As you may know, this past week was women's camp for believing Persians; praise God for His faithfulness for providing a successful and fun week! The lessons focused on things all women struggle with, but was incredibly relevant to their situations as refugees, things like jealousy, worry, discontentment, bitterness, and feeling unloved by God. The speaker talked through some of the "I AM" statements of Jesus, speaking life and truth into the hearts of these new believers.
When I was first told about the camp, I was told I would be there to serve and observe in the behind-the-scenes. Knowing my flesh, when I would pray for the camp, I would also pray for humility, an ability to serve to the glory of the Lord. I remember praying, "Lord, even if I am cleaning toilets all week, make me a servant, humble my heart, please." My friends, be careful with those "even if's" because when service teams were announced on the staff day, the first name to be called for the bathroom cleaning crew was mine.

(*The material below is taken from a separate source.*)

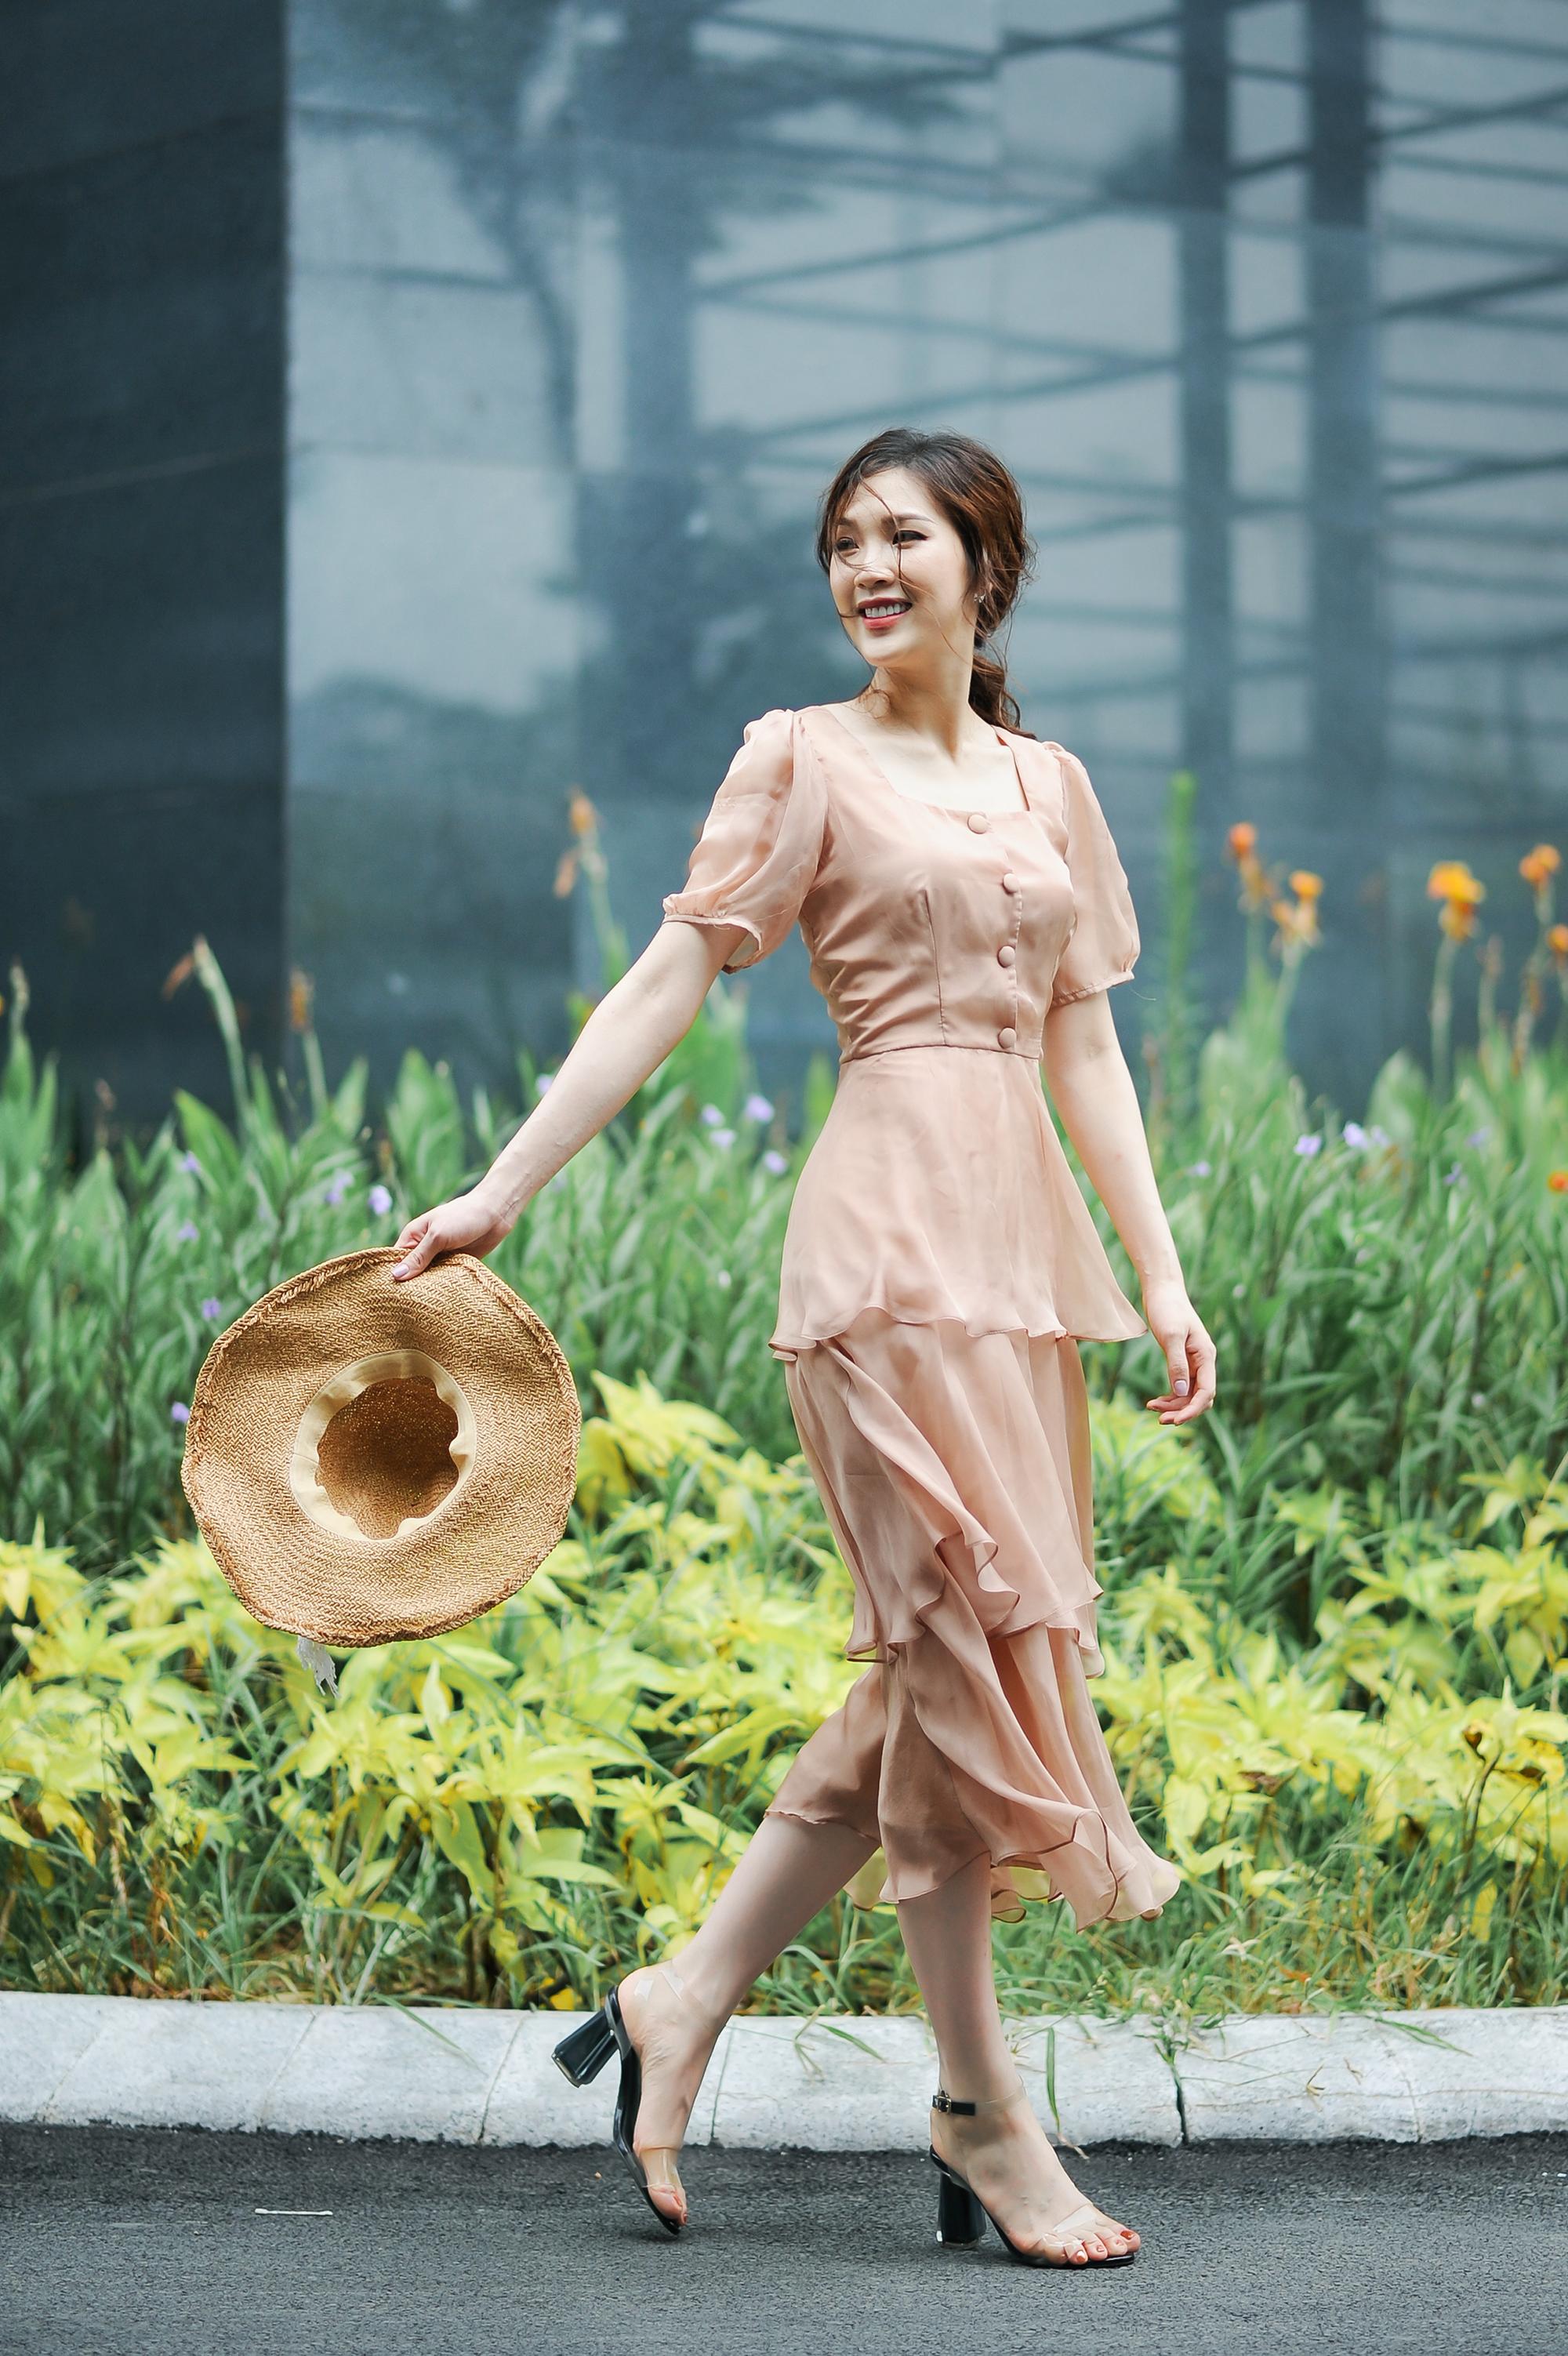 Dọa bị sảy thai, từng bị băng huyết, Hoa hậu Phí Thùy Linh vẫn ước ao sinh thêm con - Ảnh 3.

He didn't just answer my "what if" prayer, He went so much further. Throughout the week, I was given opportunity after opportunity to hear the hard stories of these women and to pray over them. The Spirit put prayers of thankfulness and joy on my lips, and with some, I was prompted to pray for deep heart healing and peace beyond understanding. I know the Most High hears and fulfills those prayers with full love and compassion. I was given the a chance to share for a couple minutes before the lesson about how I spend time with the Lord in devotion. Blown away to be asked to do so, I praised God for a small chance to give encouragement from a microphone. Able to proclaim His goodness I talked about how I pray on the armor of God in intentional ways each day (i,e asking for the breastplate of righteousness to guard my heart against becoming easily offended or praying for the shield of faith so I will not lose sight of who the Lord is and who He created me to be when I am filled with doubt and insecurity).

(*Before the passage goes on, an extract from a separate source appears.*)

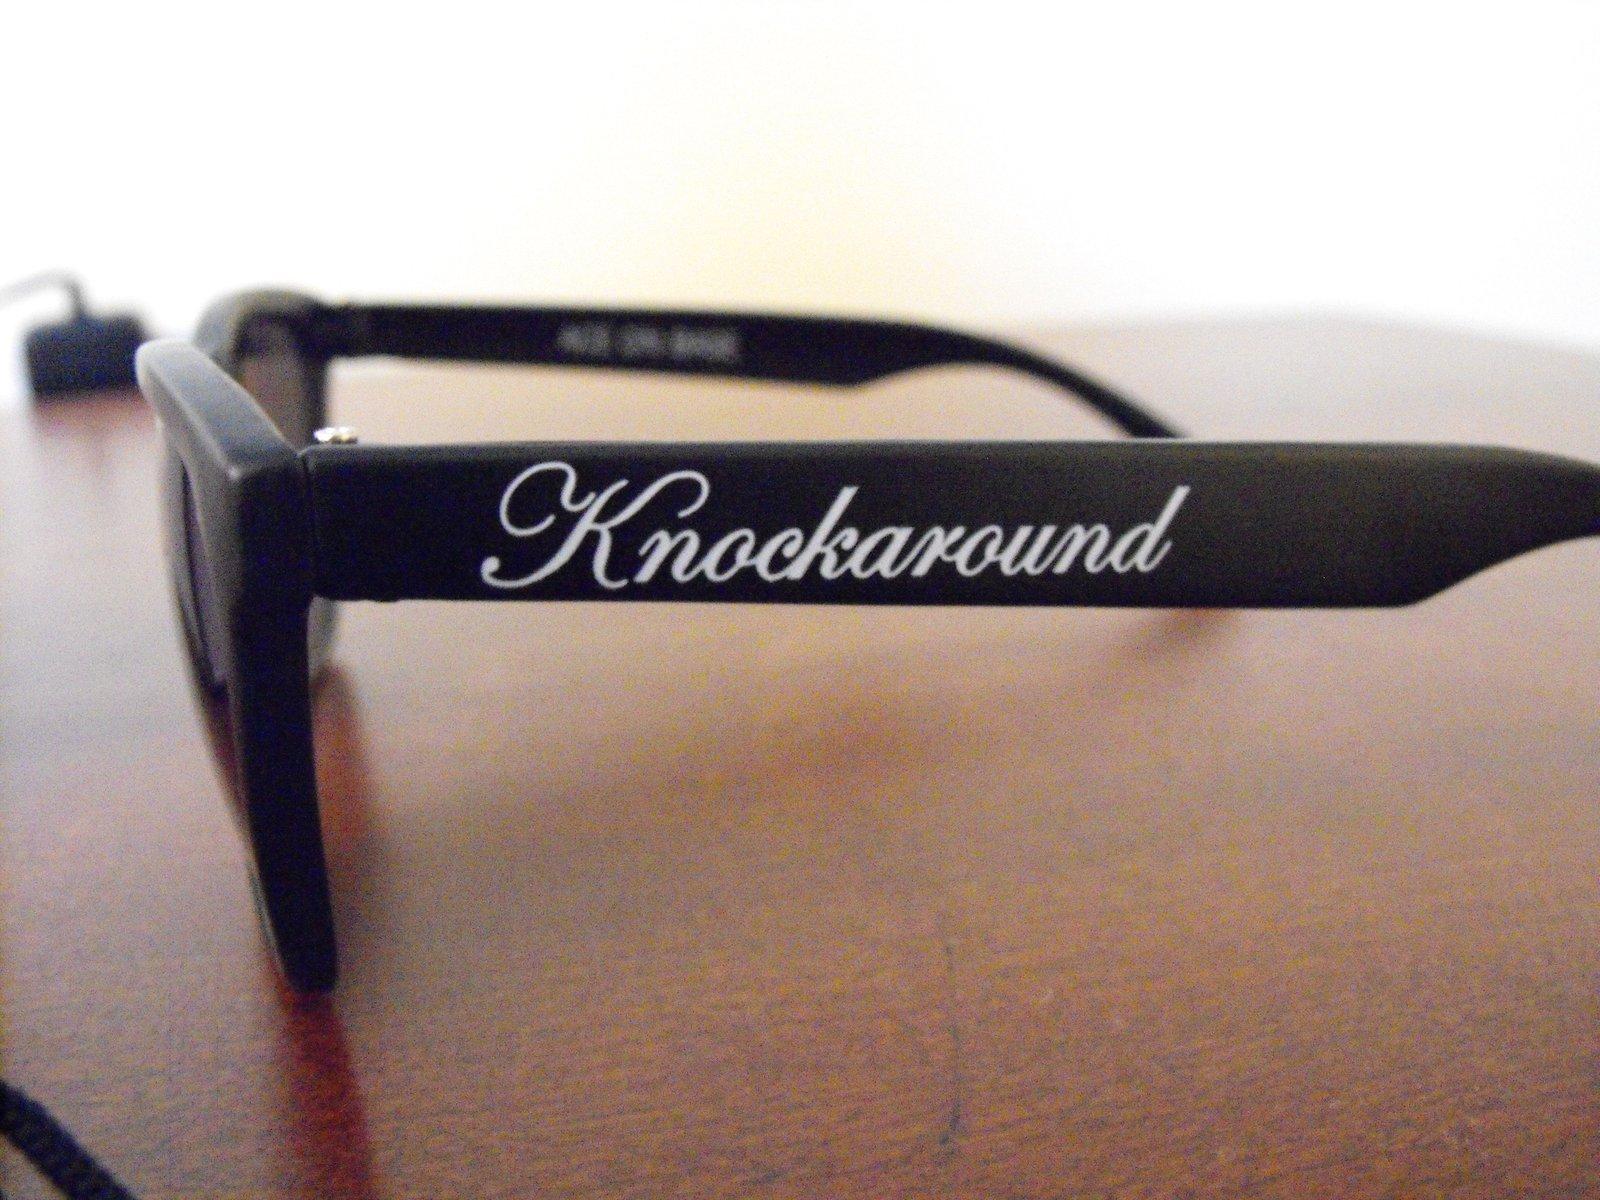 Knockarounds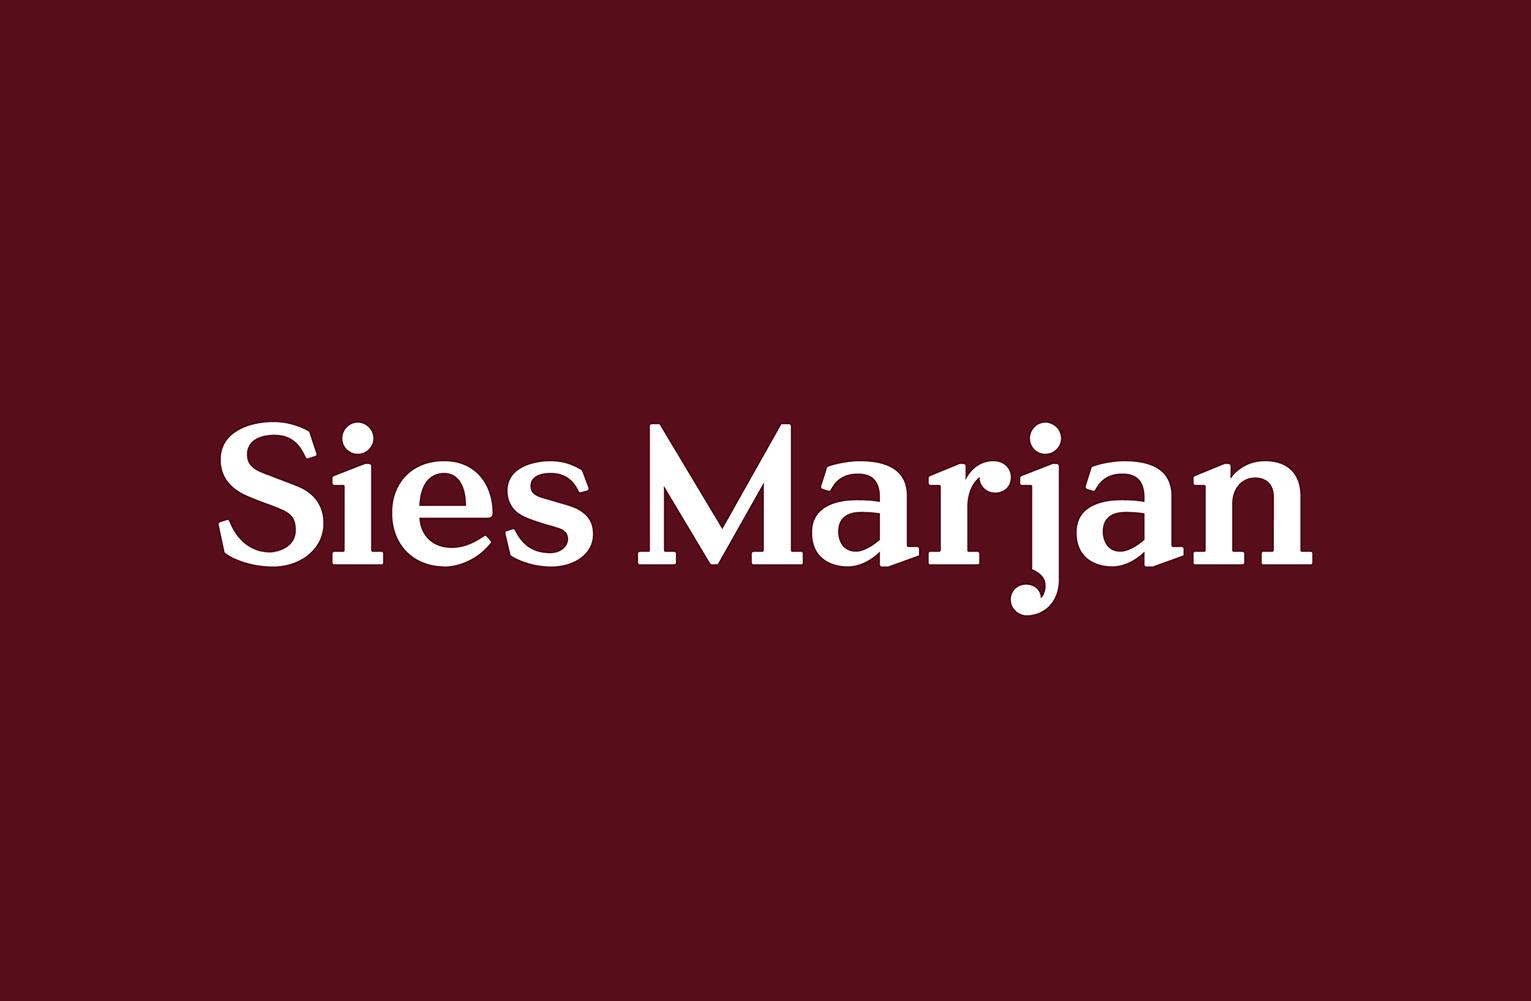 Sies Marjan

I must admit, on the first day while cleaning, I cried. (Are we surprised?) I was not crying because I was disappointed or sad, but because I was so overwhelmed with the goodness of the Lord. He had been so faithful to me, to allow me to attend a summer camp for the exact people group I have longed to minister to. He has been so faithful to put me at the feet of missionaries who took the time to talk with me and teach me about ministry and faith. He heard my prayer about wanting to be more humble, about wanting to be less like flesh-Sarah and more like my Lord, Jesus. "If the gift I get to bring to the throne of grace is a clean 'throne' for women who may not have access to one, so be it, Lord," I joked at God, thankful for His favor on me.

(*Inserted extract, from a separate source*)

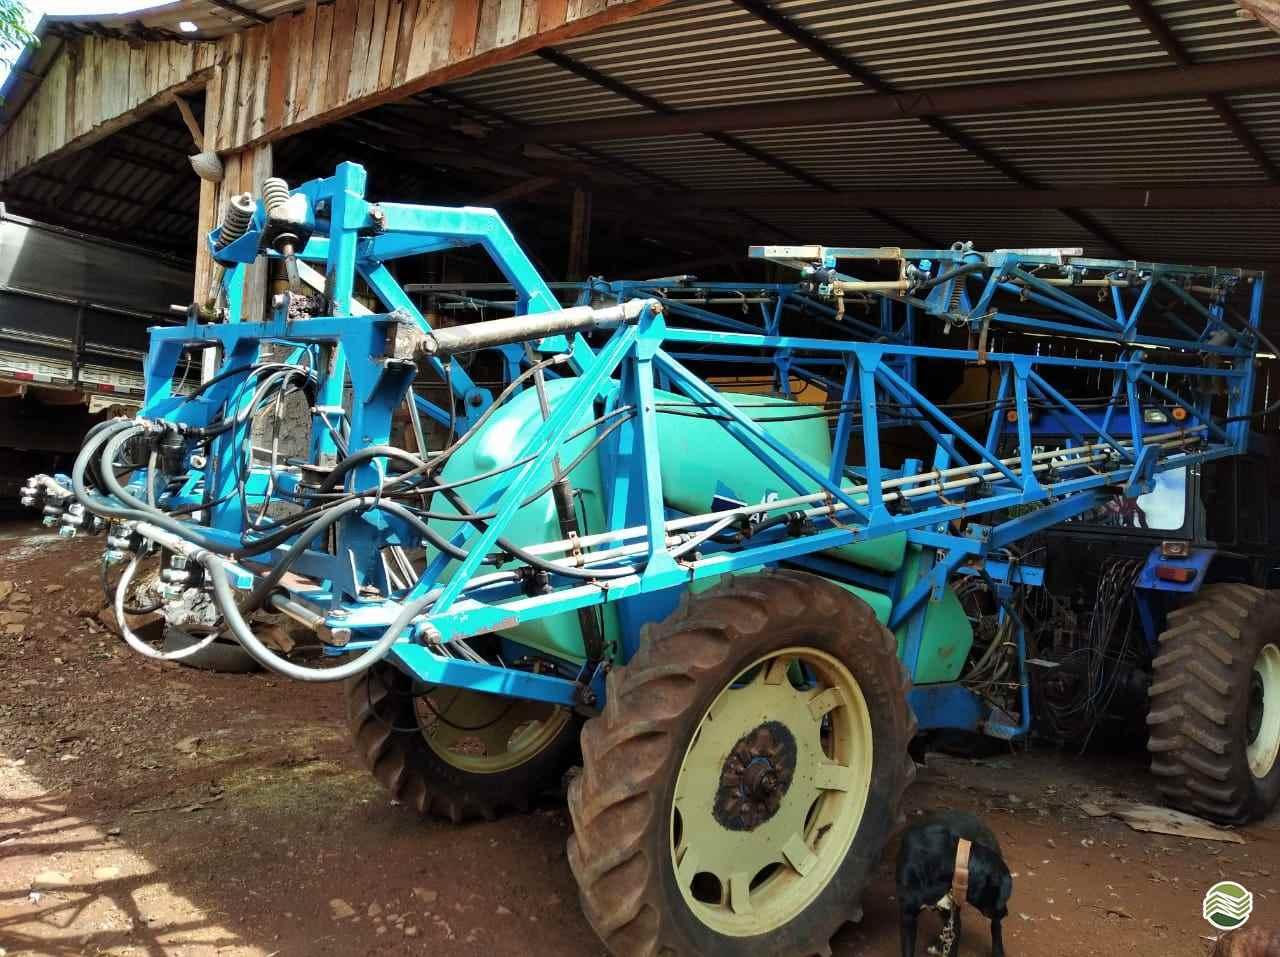 PULVERIZADOR MONTANA ECORANGER 2000 Arrasto Terral Máquinas e Peças Agrícolas CASCAVEL PARANÁ PR

When I got back to Athens last night, I checked the messages from my close friends back home (who, by the way, have been so wonderful and supportive), and several of them mentioned reading Hosea, some in the same friend group and another saying that's just what they've been reading lately. Naturally, being the good middle-ages-mystic-wanna-be that I am, I took that as a sign to read Hosea. Thankfully, after a full week of camp, today was given to me as a Sabbath. After journaling and internally processing the week and how the faithfulness of the Lord was shown evidently, I read Hosea, which has a similar message: God's love is faithful. Tears welled up in my eyes (surprise, I'm crying again) as I read of the tender love of the Father towards His children. Here's a slice from Hosea 2:14-15, 23
“Therefore, behold, I will allure her,
and bring her into the wilderness,
and speak tenderly to her.
And there I will give her her vineyards
and make the Valley of Trouble a door of hope.
And there she shall answer as in the days of her youth,
as at the time when she came out of the land of Egypt.
And I will have mercy on No Mercy,
and I will say to Not My People,‘You are my people’;
and he shall say, ‘You are my God.’”
This is exactly what was created this past week, an alluring to the coast of mainland Greece for mothers and wives and daughters to get away from the hard lives they have and hear the tender Truth of Jesus's love. In the most literal sense, but also allegorically in a spiritual sense, these women have been through the Valley of Trouble, and yet, our steadfast and redeeming Lord of Lords has turned it into a door of hope.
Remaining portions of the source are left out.